Highway bridge connects two Pangasinan municipalities

The Narciso Ramos Bridge, formerly known as the Asingan–Sta. Maria Bridge, is a highway bridge which connects the municipalities of Asingan and Santa Maria in Pangasinan, Philippines. Crossing the Agno River, it is part of the Asingan–Sta. Maria Road. It is the longest bridge in the province and the entire Ilocos Region.

==History==
The bridge was initilally named Asingan–Santa Maria Bridge. Construction began on January 15, 1996, and was finished within a two-year timeline. The ₱415.56-million project was sponsored by Pangasinan 6th district representative Ranjit Shahani, nephew of then President Fidel Ramos; and was undertaken by Ciriaco Construction Corporation and High Peak Construction.

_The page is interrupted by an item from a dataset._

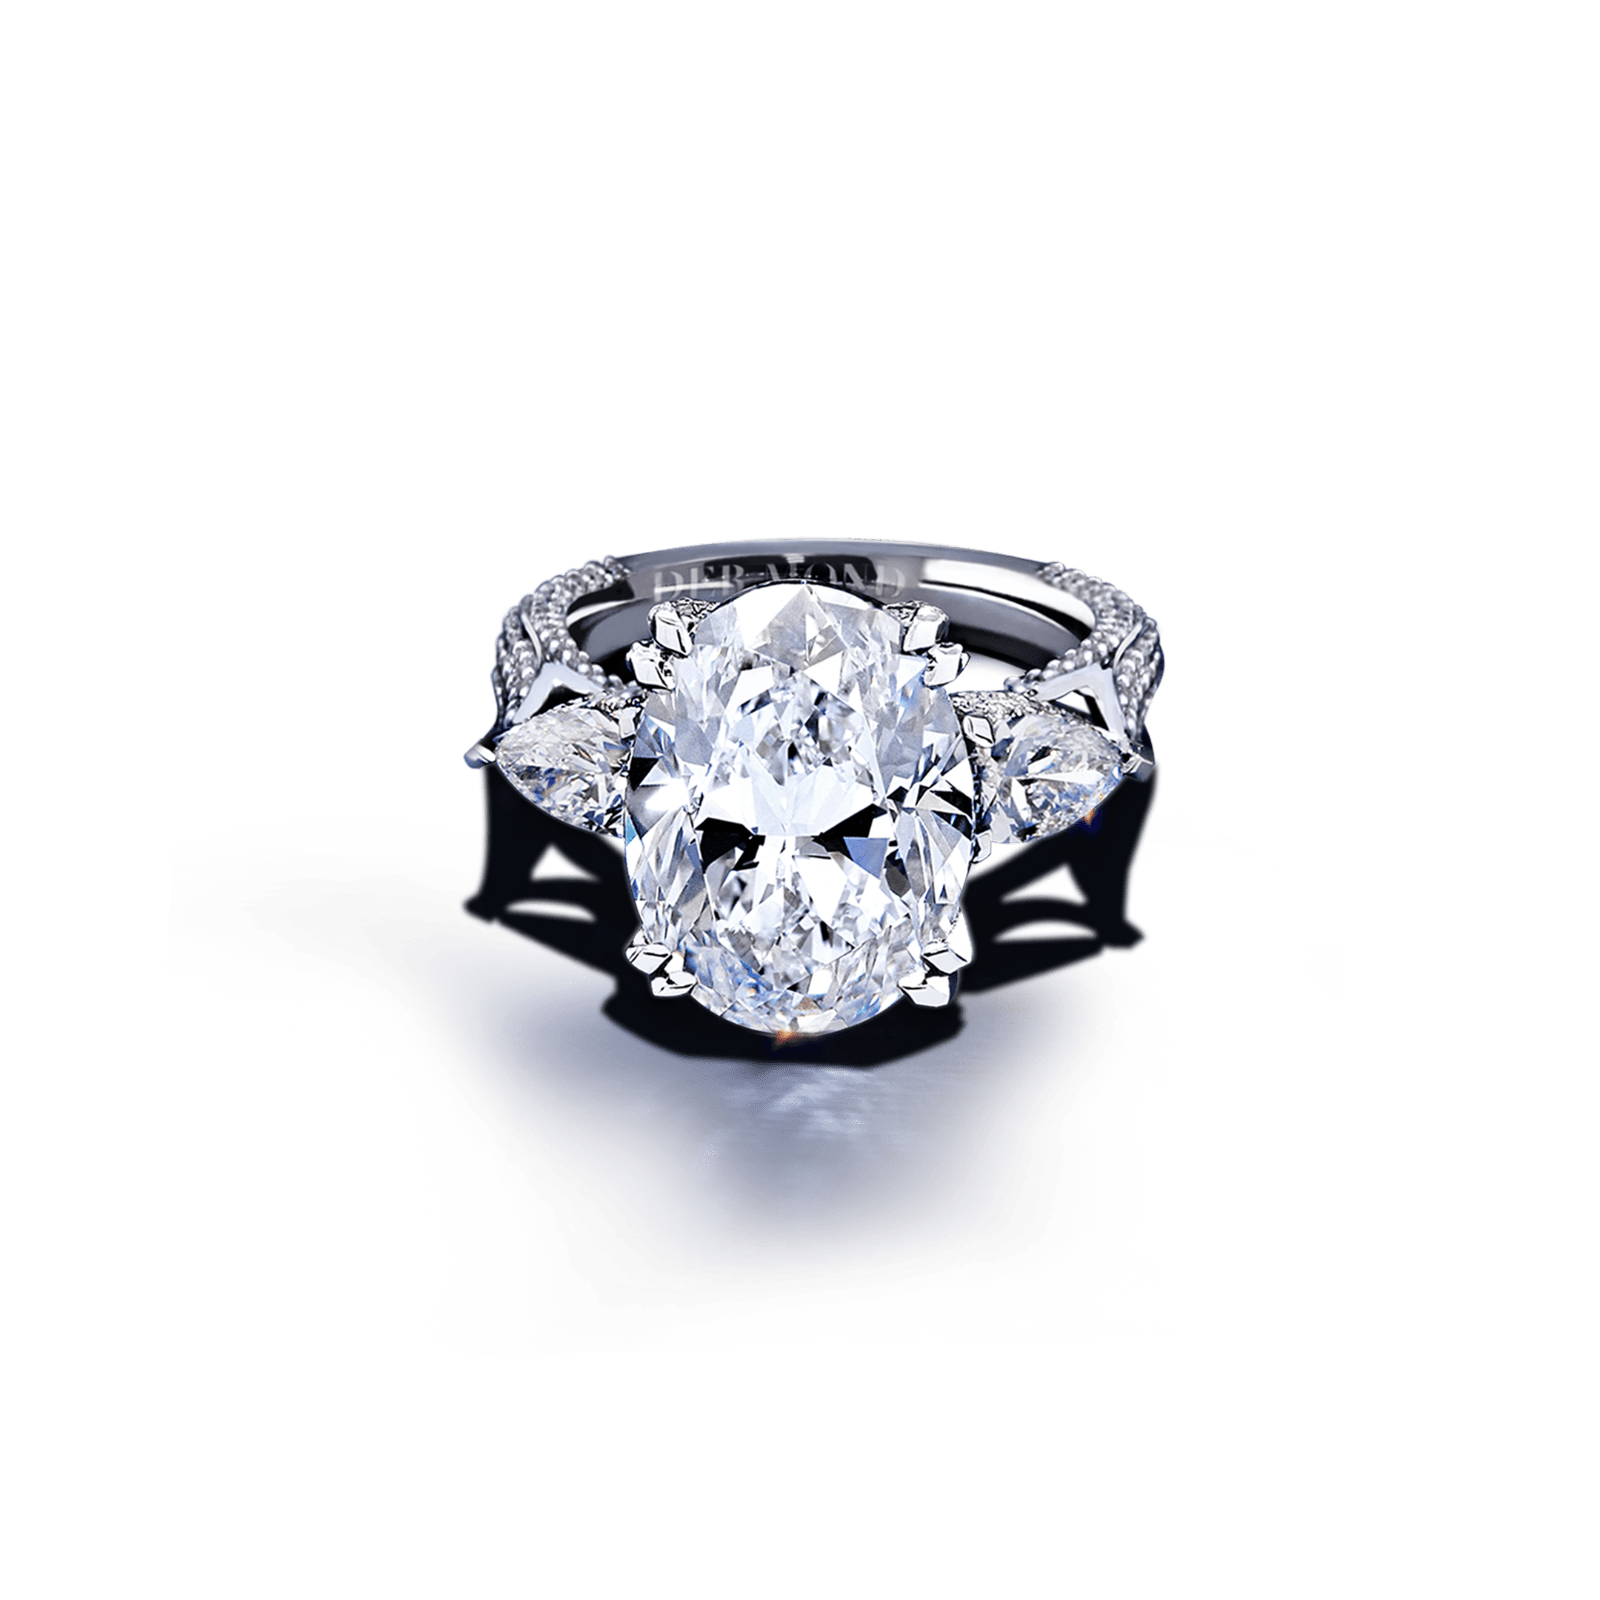 EXCEPTIONAL DIAMOND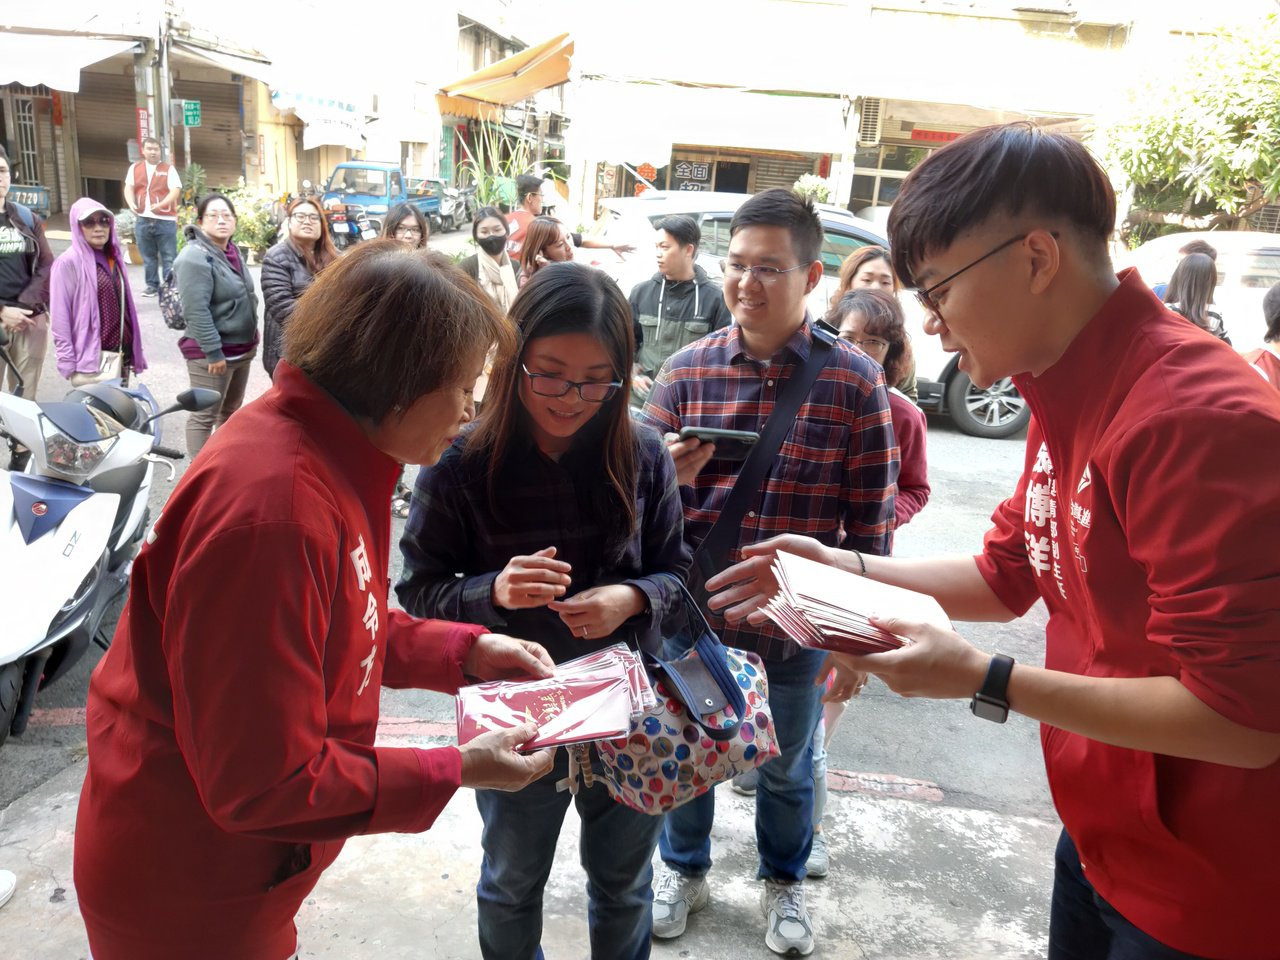 台灣基進發送「台派紅包」 籲民眾過年幫拉好友簽罷韓連署

The bridge became operational on March 17, 1997, upon its inauguration by President Ramos. At that time, it was considered the longest in Luzon and the second in the country, only behind San Juanico Bridge in Eastern Visayas.

Shahani later authored a House bill which, in 2001, became Republic Act No. 9030, the law changing the name of the bridge to its present one in honor of his grandfather—legislator, diplomat, and Asingan native Narciso Ramos.

To address concerns on the travellers' safety at night, the municipal government of Asingan funded the installation of solar-powered lights, which was done in two months beginning December 2022.

==Features==
The 1.4-kilometer bridge has 48 spans, two abutments, and 47 piers.

==Incidents==
On the afternoon of September 27, 2002, Tayug Regional Trial Court judge Oscar Uson, father of future dance group founder (and government official) Mocha Uson, was assassinated by four suspected motorcycle-riding gunmen, as he was passing the bridge's Asingan part while on his way from work to his home in Dagupan. No arrests have been made since then.